I missed a parade one day for reasons now long forgotten. My Sergeant Major, whom I’d nicknamed “Jambang Tikus” (Malay for shit-house rat) loved me as much as I loved him. Tikus charged me with absence from place of parade. A first time offender I was fined and warned.

The next week the Tikus ‘volunteered’ me for a religious retreat in Singapore. I didn’t want to go. I was told I was going amen!

Now the fist of fate struck me a series of perverse blows the first of which was that the Malaysian railways went on strike so alternative transport was arranged. My copy of orders said: Report to the guardroom at 0800 and catch the mini bus. I was in good time. There was a bus but it was a large one. I waited for a mini bus. None came. The big bus left.

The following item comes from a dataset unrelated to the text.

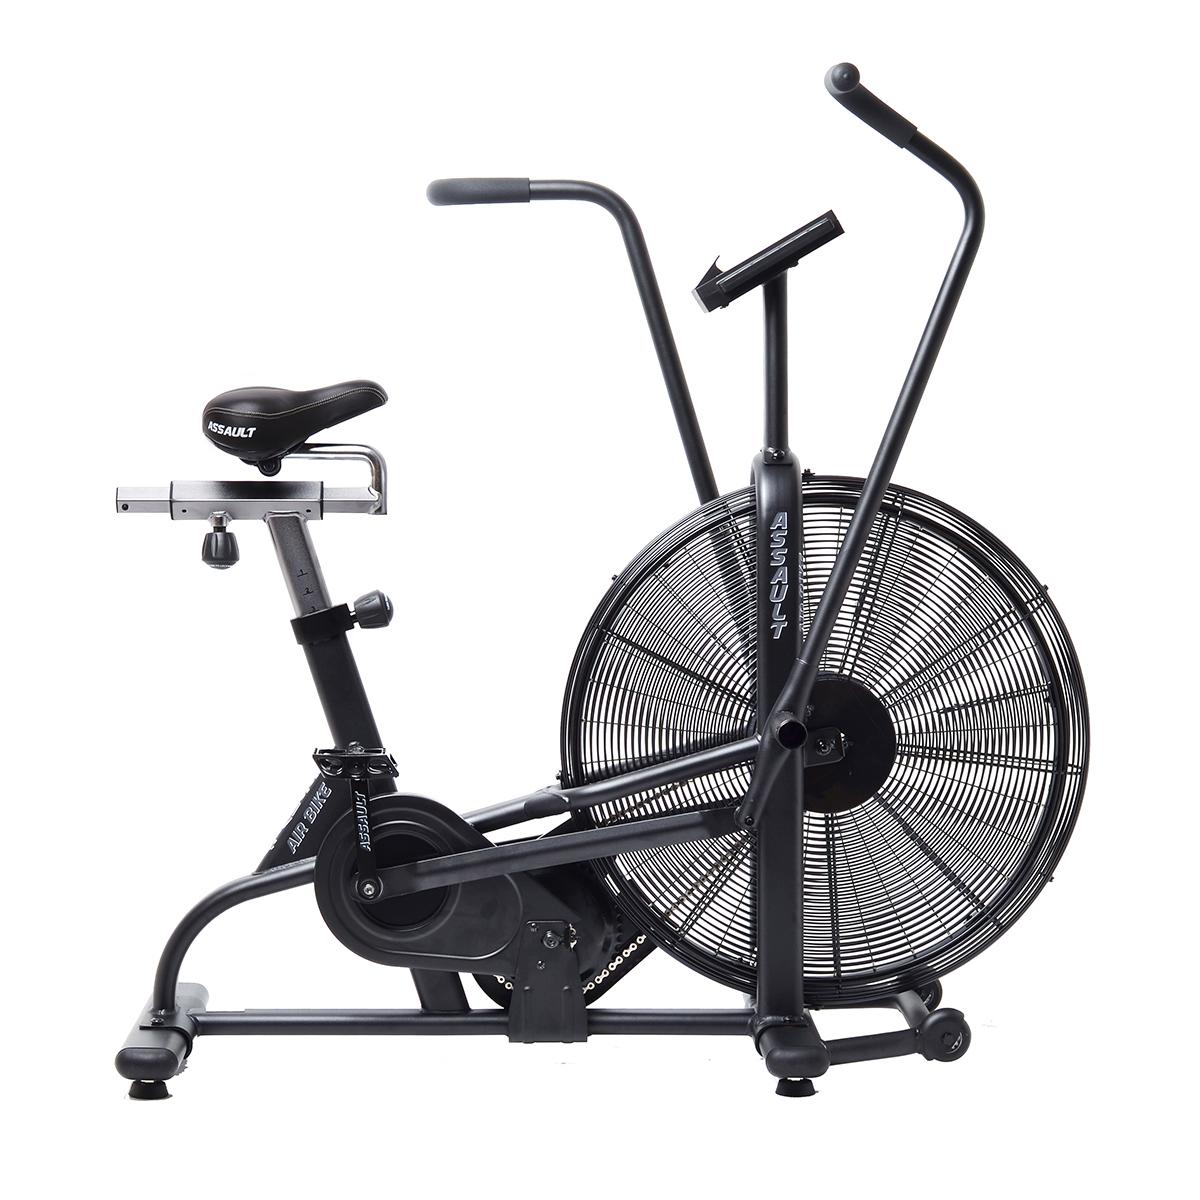 assault air bike see it cheaper and we\u0027ll price match! d8 fitnessassault air bike

Tikus went berserk. My copy of the travel order mysteriously vanished and his copy said Mil (short for Military) bus. I was marched in front of the Battery Captain because the Battery Commander, Major Roberts, was away. A decent fellow who hated punishing soldiers the captain referred me to our Regiment’s Colonel.

The Colonel was also away so his second in command, a strict martinet, deputized. “This is a second, recent and most serious offence” he told me sternly. Before I could plead that religious retreats weren't compulsory and that I’d simply changed my mind (A plausible lie) he barked "Seven days detention march out.”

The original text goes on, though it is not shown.